Morbidi ma resistenti; fantasiosi, classici e ora anche un po’ sbarazzini, per un ‘mondo d’amore’, come recita il claim della campagna pubblicitaria.

I peluche della Trudi rappresentano un pezzo di storia della vita di molti bambini; e non si sta parlando dei peluche ‘da tutti i giorni’, ma di prodotti di fascia alta, con un prezzo abbastanza elevato che tende a essere un elemento distintivo.
L’azienda Trudi, che prende il nome dalla propria fondatrice, Trudi Muller, produce peluche dagli anni’50. Le caratteristiche che tutti i genitori hanno in mente, relativamente a questo tipo di giocattolo, sono rimaste intatte nel tempo: la qualità del prodotto, costituita da sicurezza, funzionalità, design innovativo, qualità del pelo utilizzato hanno portato Trudi a detenere una quota di mercato del 50%.

 Maurizio D’Angelo, dallo scorso anno amministratore delegato, che ha guidato una profonda ristrutturazione dell’azienda a livello strategico e di marketing, racconta con orgoglio le specifiche dei suoi prodotti: “Creiamo peluche riconosciuti da tutti per l’alta qualità e sicurezza.
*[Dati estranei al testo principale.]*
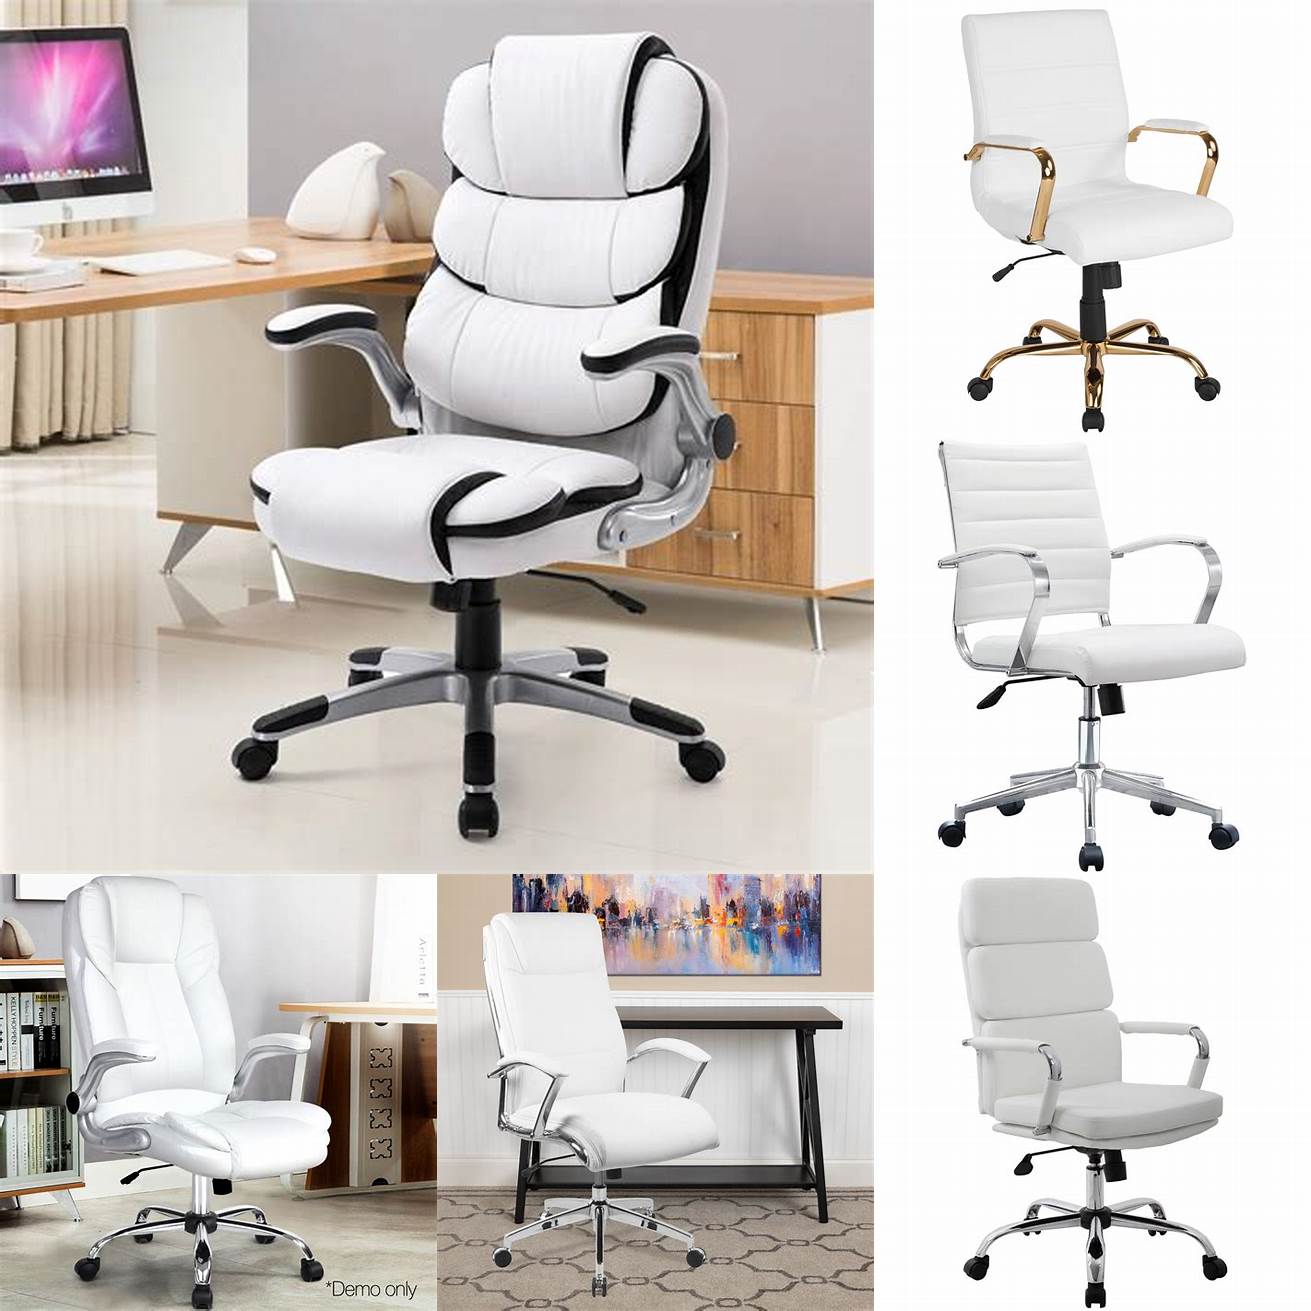 A white leather office chair with adjustable features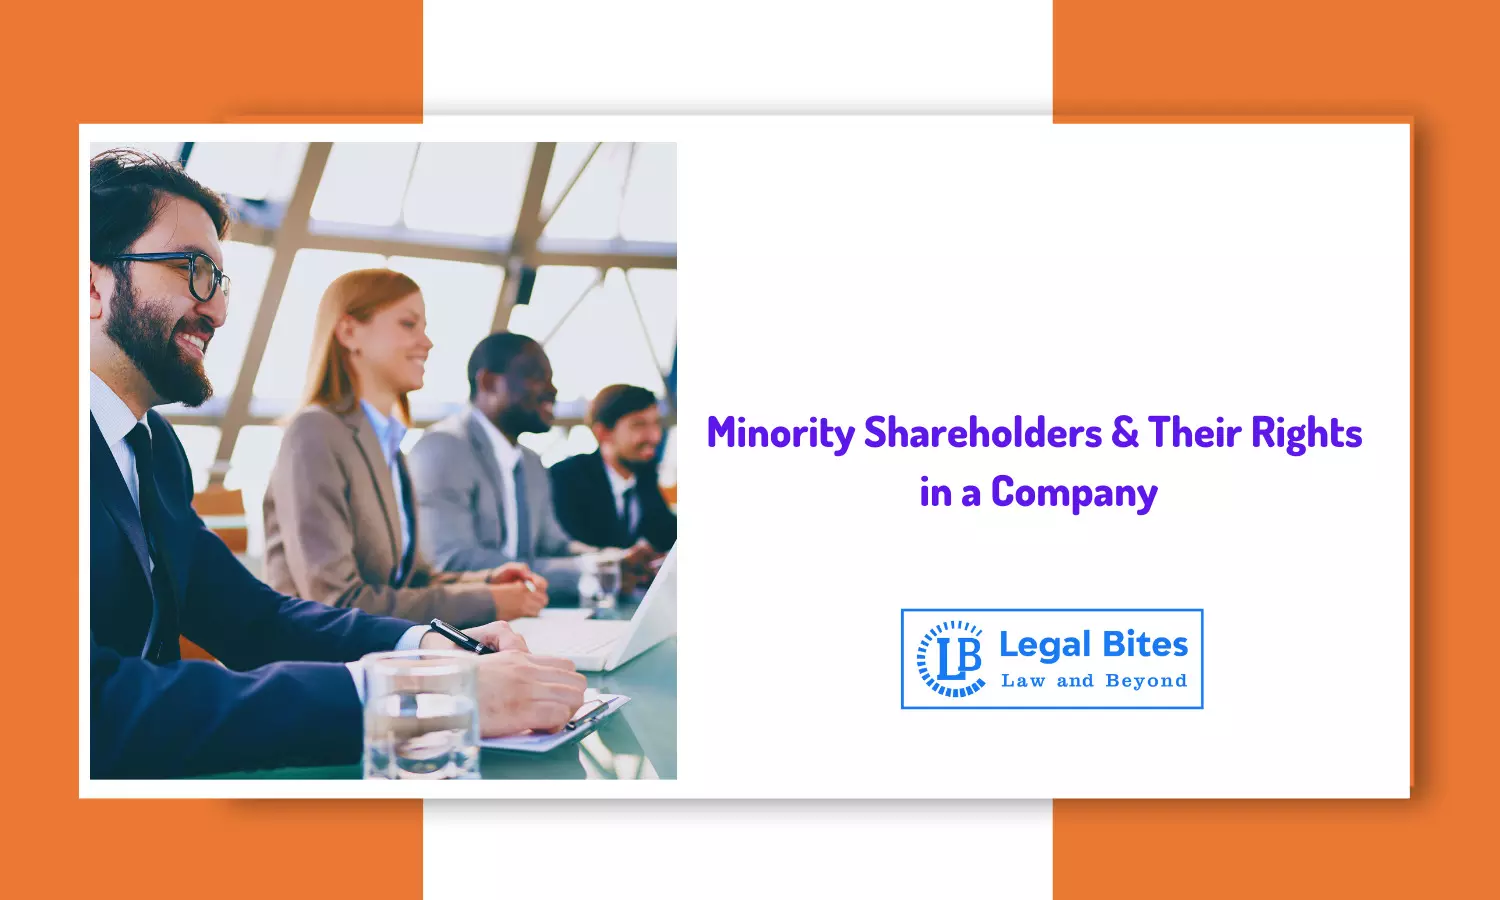 Minority Shareholders & Their Rights in a Company

Il design ci contraddistingue per l’innovazione. In Europa siamo tra i primi tre produttori di peluche, e siamo molto forti nei paesi che più amano i peluche: la Germania, prima di tutto, vera patria dei peluche, e poi Francia, Spagna, Gran Bretagna”.
Se questi sono i tratti distintivi di Trudi, altre sono le innovazioni che nel 2002 hanno coinvolto l’azienda, che pur avendo una posizione dominante, necessitava di un refresh a diversi livelli.
Spiega D’Angelo: “Abbiamo affrontato un grande lavoro a livello di marketing, che si ultimerà nel giro di due anni. Abbiamo innanzitutto lavorato sull’identità del marchio, affidandoci a uno studio di Udine. Ci siamo così messi a ripensare all’immagine del catalogo, a nuovi display, al restyling di tutto ciò che poteva essere strumento di relazione con l’esterno.
Si è trattata di una vera e propria pulizia ‘del background’, che ha dato vita a una nuova immagine dei nostri prodotti e dell’azienda, che è stata gradita dal pubblico”.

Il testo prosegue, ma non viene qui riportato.